Renata Aparecida da Silva, de 31 anos, também não guarda mágoa do pai, que abandonou a família para nunca mais aparecer quando ela tinha 8 anos e a mãe, Vânia Aparecida da Silva, hoje com 49 anos, estava grávida do terceiro filho. “Tem 22 anos que ele sumiu, mas eu tenho vontade de encontrá-lo. Não tenho raiva. Ele é meu pai”, afirma a moradora de Coronel Xavier Chaves, no Campo das Vertentes.

O pai de Renata, José Expedito da Silva, de Ouricuri, em Pernambuco, chegou a Coronel Xavier Chaves no final da década de 1970. Namorou Vânia, então com 16 anos, e os dois se casaram. “Quando os peões vieram, minha mãe não deixava eu nem sair de casa. Só podia ir para a rua com ela”, recorda Vânia. Porém, a aproximação com o futuro marido foi inevitável. “O conheci ele no dia do enterro de um peão”, lembra Vânia. A avó de Renata aproveitou a movimentação dos trabalhadores para ganhar dinheiro e lavava roupas para vários, o que facilitou o contato com os forasteiros.

Para se ter ideia do impacto gerado pelas obras da ferrovia, a cidade de Coronel Xavier Chaves não tinha mais que 900 moradores na área urbana no final da década de 1970. “Em 1975 eu tinha um armazém e havia tarde que chegavam mais de 1 mil homens de uma vez. Era uma multidão”, lembra João Batista de Resende, que foi prefeito de Coronel Xavier Chaves entre 1977 e 1983. Ele calcula que cerca de 3 mil trabalhadores se alojaram na cidade, a maior parte em acampamentos.

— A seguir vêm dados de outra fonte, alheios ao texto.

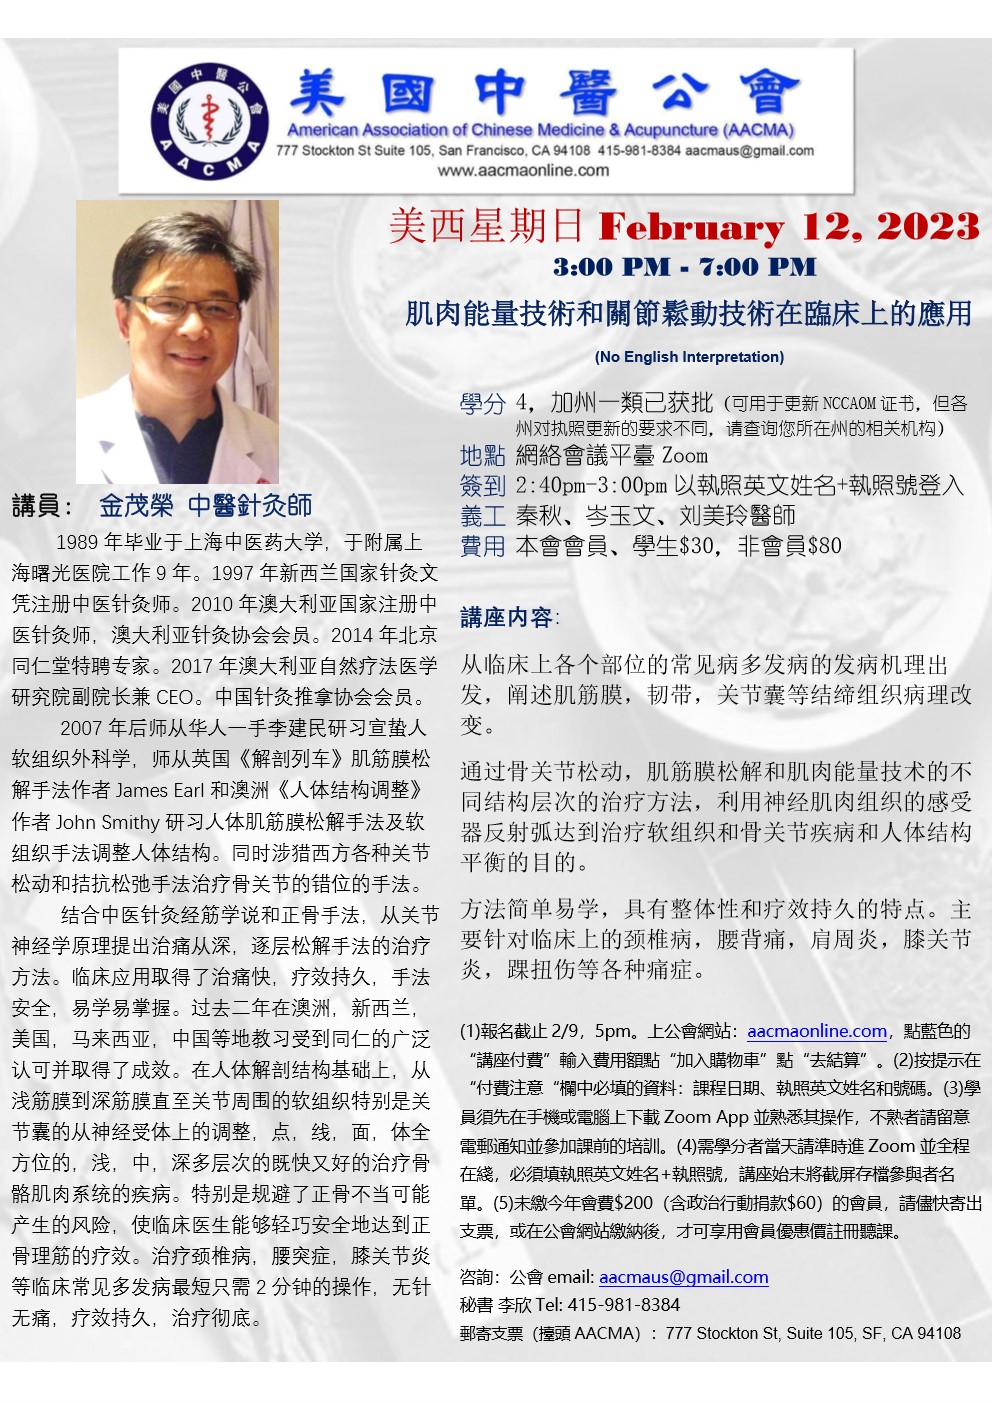 2/12/2023金茂荣医师-肌肉能量技术和关节松动技术在临床上的应用-4個

A cidade, assim como os outros pequenos municípios próximos à Ferrovia do Aço, não ficou marcada apenas pelas mães solteiras. À época as ruas da cidade não eram calçadas e a movimentação dos caminhões para a construção levantavam muita poeira. “Tinham coisas boas também. Quando precisávamos de um caminhão de areia ou brita para uma obra da prefeitura a companhia que fazia a obra ajudava”, destaca o ex-prefeito.

Se em Coronel Xavier Chaves, que tem 3,3 mil habitantes atualmente, o impacto foi imenso, em Passa Vinte, com 2 mil moradores, não foi diferente. José Irineu de Almeida, de 85 anos, trabalhou por 34 anos na Rede Ferroviária Federal S.A. (RFFSA) e não esquece os anos em que a cidade teve o cotidiano totalmente modificado. “Era gente demais e, principalmente, muitos homens”, pontua. Para que o assédio às moças de Passa-Vinte fosse menos intenso foram criadas duas casas de prostituição em um distrito da cidade. José Irineu recorda que mesmo com essa estratégia foi inevitável que as moças da cidade se relacionassem com os trabalhadores forasteiros.

Maria Sônia de Almeida, de 47 anos, a mãe de Daniele, lembra das festas e da imensa movimentação de trabalhadores na cidade. “Nunca poderia imaginar um movimento daqueles”, afirma. O que Maria também não esquece é o estigma que carregou por muito tempo por ter engravidado, aos 16 anos, e o pai da criança abandonado a cidade. “Aqui (Passa Vinte) é muito pequeno e as pessoas são conservadoras. Todo mundo ficava apontando o dedo. Era difícil até sair de casa”, recorda Maria, que, por sua vez, não deseja encontrar o pai de sua filha.

“Quando engravidei descobri que ele namorava outras moças também”, lamenta. Logo após ter ficado grávida ela soube que, para algumas, ele dizia ter outro nome. Maria só teve certeza do nome verdadeiro quando, após ficar grávida, uma irmã dela foi até o escritório da Andrade Gutierrez, onde ele trabalhava, e confirmou a identidade. A saber: o pai de Daniele se chama João Batista Vieira e é natural de Belo Horizonte.